With the success of the Mexican revolution, Austin was forced to travel to Mexico City to get his colony’s title confirmed by the new Mexican government. In 1823, the Mexican congress not only confirmed his colonial grant but authorized individual grants to American settlers in acreage more generous than that requested by Austin. Settlers were required only to pay a small fee for registering title to the land, and taxes were waived for six years. Austin was granted 100,000 acres for his personal use and made civil commandant of the colony. By the end of 1824, Austin had settled several hundred families—the Old Three Hundred—on the land. They were anything but illegal and hardly rowdy drunks. Austin required written testimony ensuring that a settler’s “character is perfectly unblemished, that he is a moral and industrious man, and absolutely free from the vice of intoxication.”
In 1825, the Mexican congress, now controlled by Federalists who favored decentralization, granted greater autonomy to the states, including allowing them to regulate immigration and colonization. Colonies of Americans in Texas now proliferated, until there were more than two dozen. The empresarios, those who received the grants (often millions of acres each), agreed to settle 100 to 800 families on the land within six years. By 1830, there were 16,000 Americans in Texas, while the Mexican population was not much more than 3,000. Austin’s original colony alone had more than 4,000 American settlers. The American settlements were generally peaceful, law-abiding, and prosperous. By now, they were calling themselves Texians.
In 1826, Austin organized a volunteer force of mounted rangers to control the Indians, especially the Comanche.

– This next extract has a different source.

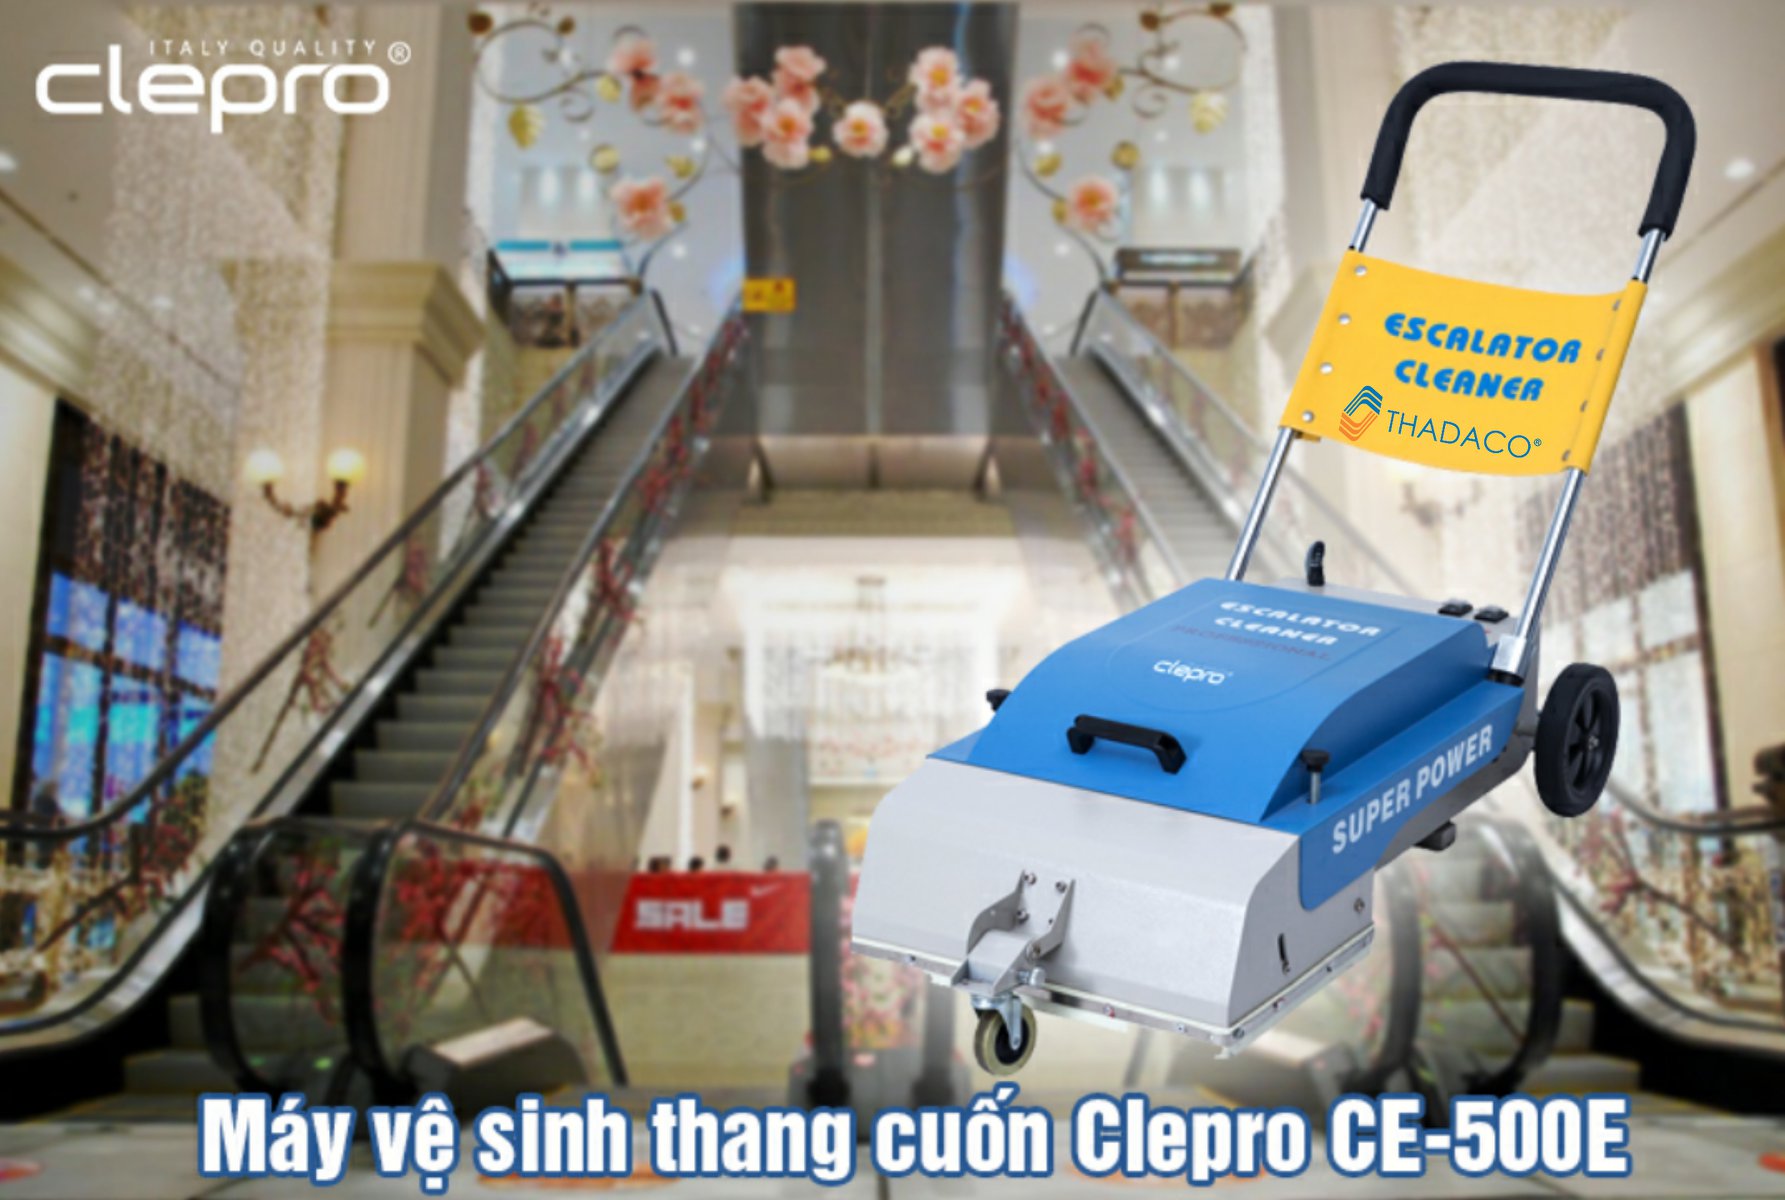 Clepro CE-500E

Instead of allowing the Indians to take the initiative, as the Mexicans had, the rangers penetrated deep into Indian country and put surprised warriors to flight. The rangers served as volunteers, supplying their own horses and firearms, and were only activated intermittently. Nonetheless, they changed the balance of power on the Texas frontier and expanded the area open to peaceful settlement, something neither the Spaniards nor the Mexicans had been able to do.
Meanwhile, government authorities in Mexico City grew increasingly ambivalent about the success of the American colonies in Texas: Although a thinly populated and poor frontier province was now booming, it was becoming Americanized. The new Centralist government under Anastacio Bustamante dispatched a general to investigate. He reported that only in San Antonio and its hinterland were Mexicans in the majority. East of San Antonio, Americans outnumbered Mexicans ten to one. Moreover, noted the general, the Americans were industrious, prosperous, and ambitious.

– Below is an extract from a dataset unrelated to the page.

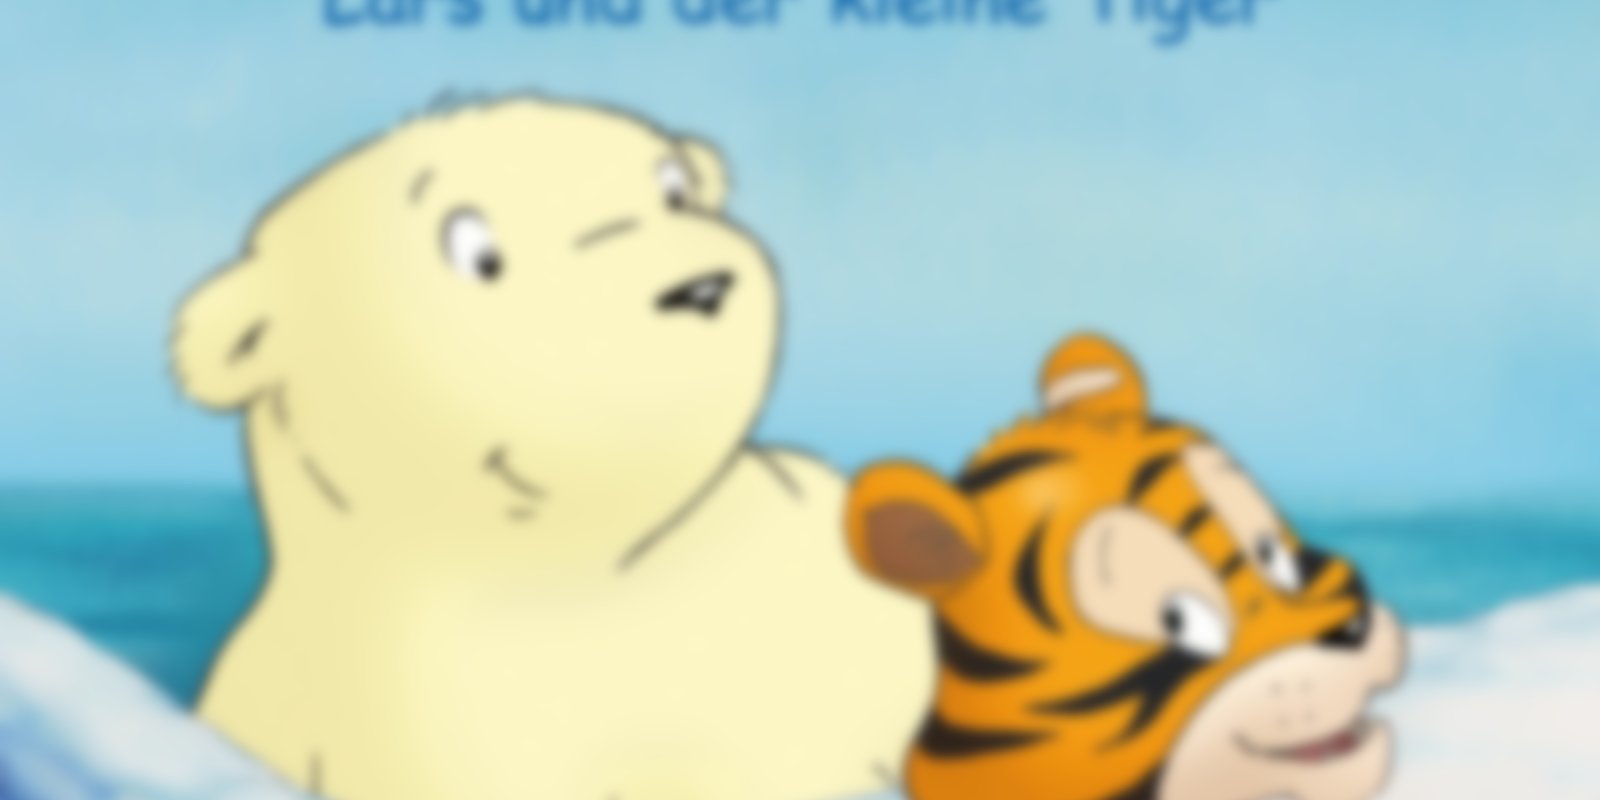 Der kleine Eisbär - Lars und der kleine Tiger

Bustamante decided to garrison Texas with soldiers recruited from Mexican prisons who would remain in Texas as settlers after their terms of service. He also sharply reduced the autonomy of the states and declared an end to American immigration. Ironically, the first incident resulting from Bustamante’s policy was precipitated by an American, John Bradburn, serving as a colonel in the Mexican army. Late in 1831, Kentucky-born Bradburn arrived to command a Mexican garrison on Galveston Bay. Within months, he had ordered American settlers in the nearby community of Liberty off their land, declared martial law, and arrested several protesting Americans. When the Texians grabbed their Kentucky rifles and began a march on the garrison, they were attacked by Mexican troops. Ten of the Americans were killed before the settlers regrouped, killed five of the soldiers, and put the others to flight, most dropping their arms for a swifter escape. Although not understood at the time, the first shots of the Texas Revolution had been fired.
Bustamante would not be around to deal with the Texians. In January 1833, he was driven from office by Antonio Lopez de Santa Ana. Texians at first rejoiced, believing that the Federalist Santa Ana would restore the states’ rights abolished by Bustamante. Instead, Santa Ana dismantled the Federalist program, tore up the Mexican constitution, and ruled dictatorially. Santa Ana had Austin arrested, taken to Mexico City, and put in solitary confinement. Perhaps to mollify the Texians, Santa Ana allowed the resumption of American immigration. When he finally arrived in Texas with his army in 1836, Santa Ana faced, for the most part, not illegal aliens but Americans who had been invited into Texas and granted land to build an economy and pacify the frontier for Mexico. The Americans had done just that before a dictator in Mexico City decided to abolish their rights.